Aqua Alluvial Pty Ltd – the private company controlled by two of the co-accused — was a small client in comparison with 16,933 tonnes.
Graham McGarry, managing director of ASX-listed gold miner Beacon Minerals which has previously treated ore at Greenfields Mill, also sat in court briefly.
The other notable attendees for the duration were Mr Keogh's family, and a lawyer for FMR Investments who audited the trial, but was ordered by the judge not to speak to his employer, Peter Bartlett, until after the trial ended.
Mr Bartlett was the key prosecution witness, his credibility under fire by the defence and the jury clearly paid attention to its directions from Judge Christopher Stevenson to "closely scrutinise" his evidence.

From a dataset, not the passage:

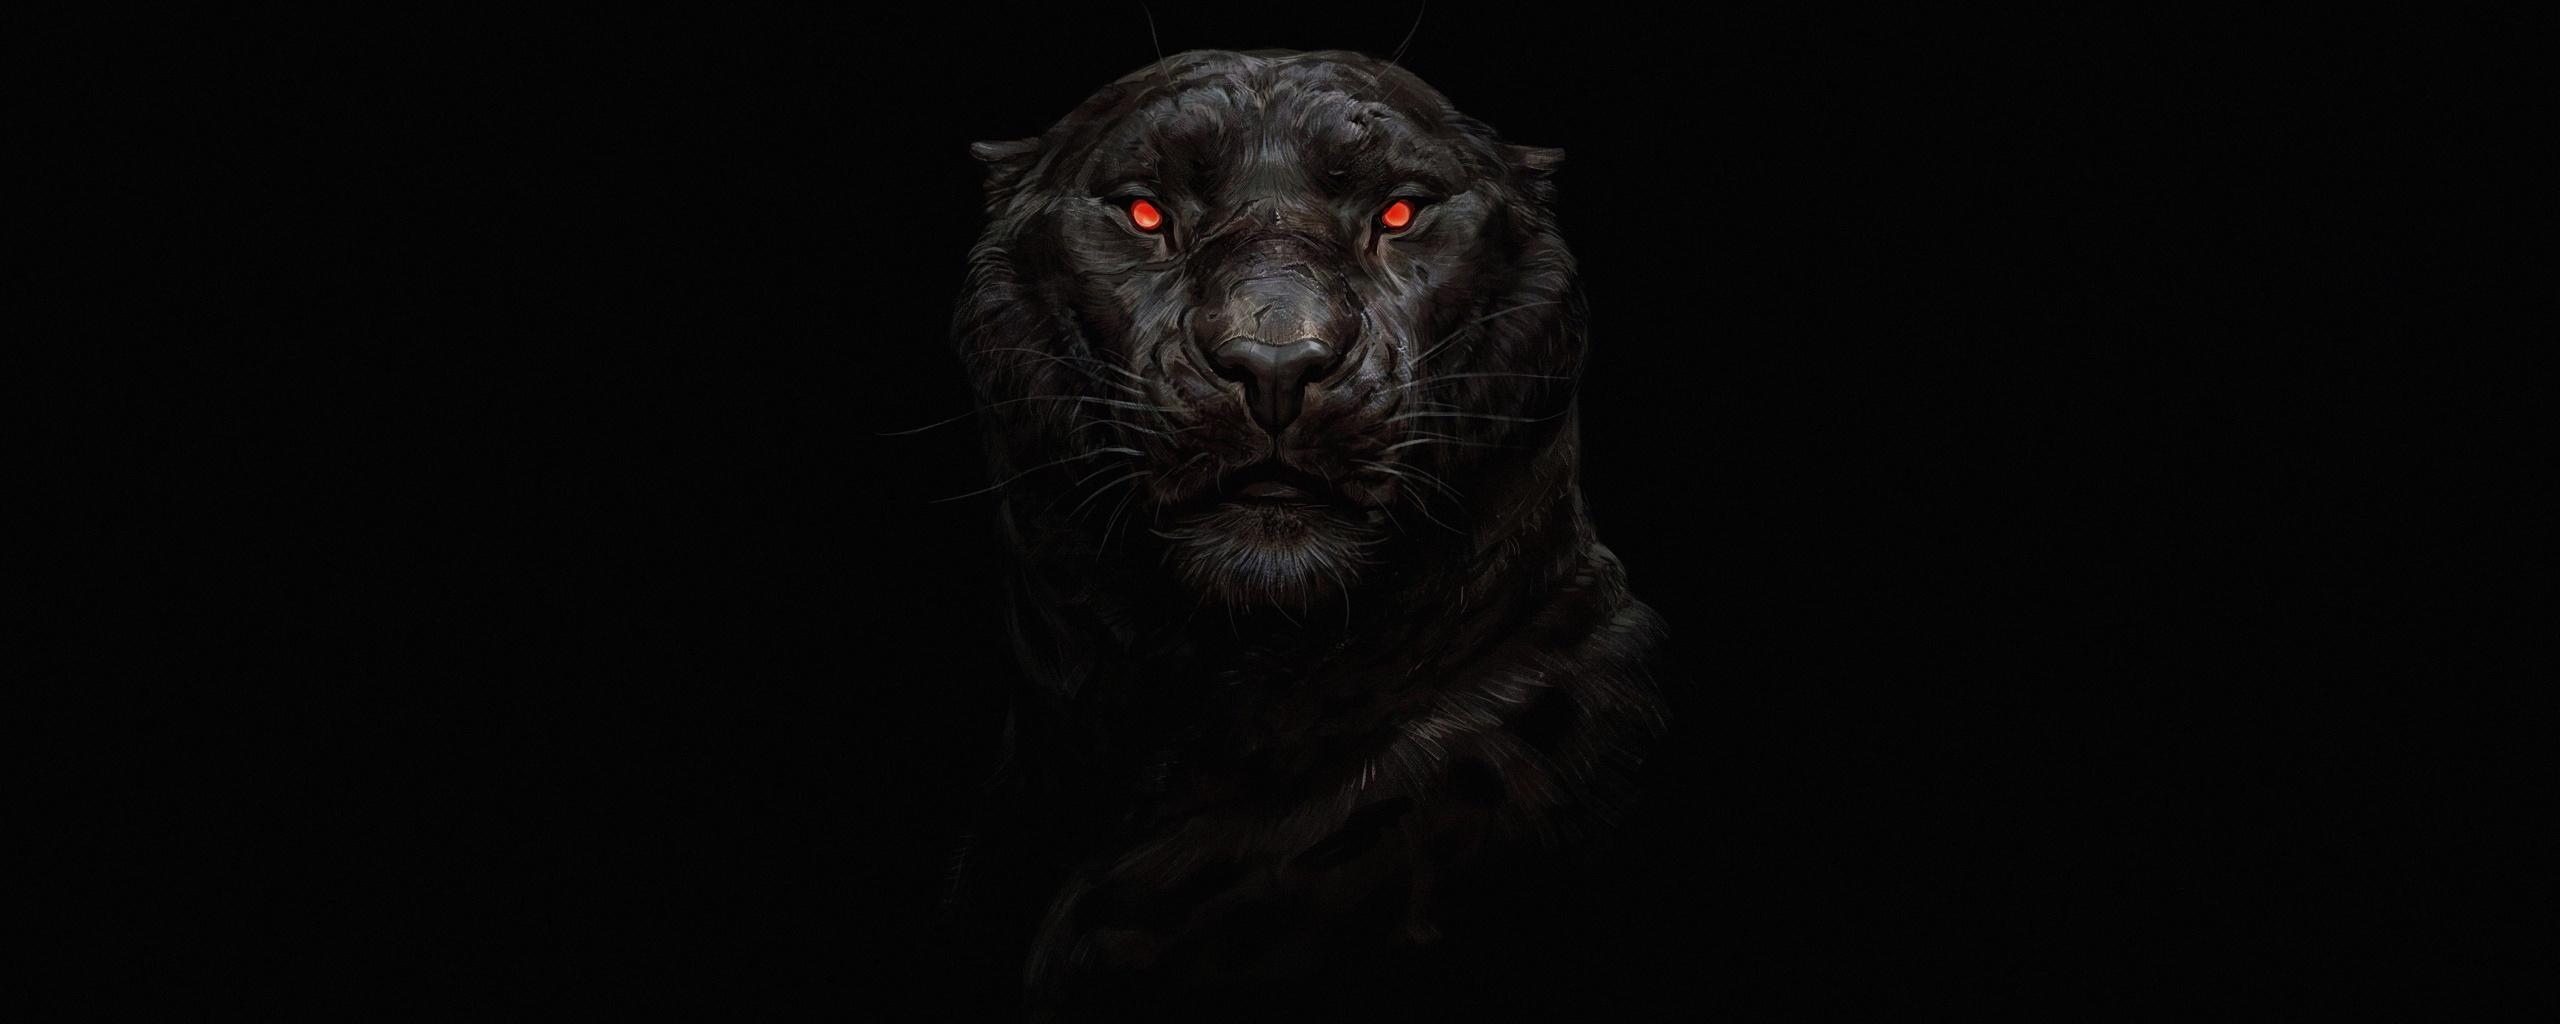 Download Tiger, glowing red eyes, predator, dark wallpaper, 2560x Dual Wide, Wide 21: Widescreen

The jury had to choose who to believe, Mr Keogh or Mr Bartlett, and whether he was generous enough to gift him a waste stockpile or "bog" as he called it.
And while a myriad of factors led to the collapse of the prosecution case, the police interview of Mr Burns gave a telling insight into how the FMR Investments boss was viewed among his employees.
The court had heard Mr Burns retired on January 8, 2019 — the day after the milling of the allegedly stolen ore was completed — and that he was diagnosed with leukaemia later that year.
In his nearly two-hour police interview, the former mill manager said he was known for "calling a spade a spade" and that was evident when he told detectives Mr Bartlett's nickname was "piggy" in the Goldfields.
"He's called Piggy Bartlett ... pig by name, pig by nature," Mr Burns told detectives.
"That mill was losing $10 million a year ... and I turned it around in two years.
"I got asked if Peter gave you anything when you left? I said no, but I didn't expect it.
"That's what Peter's like ... he's just one of those people."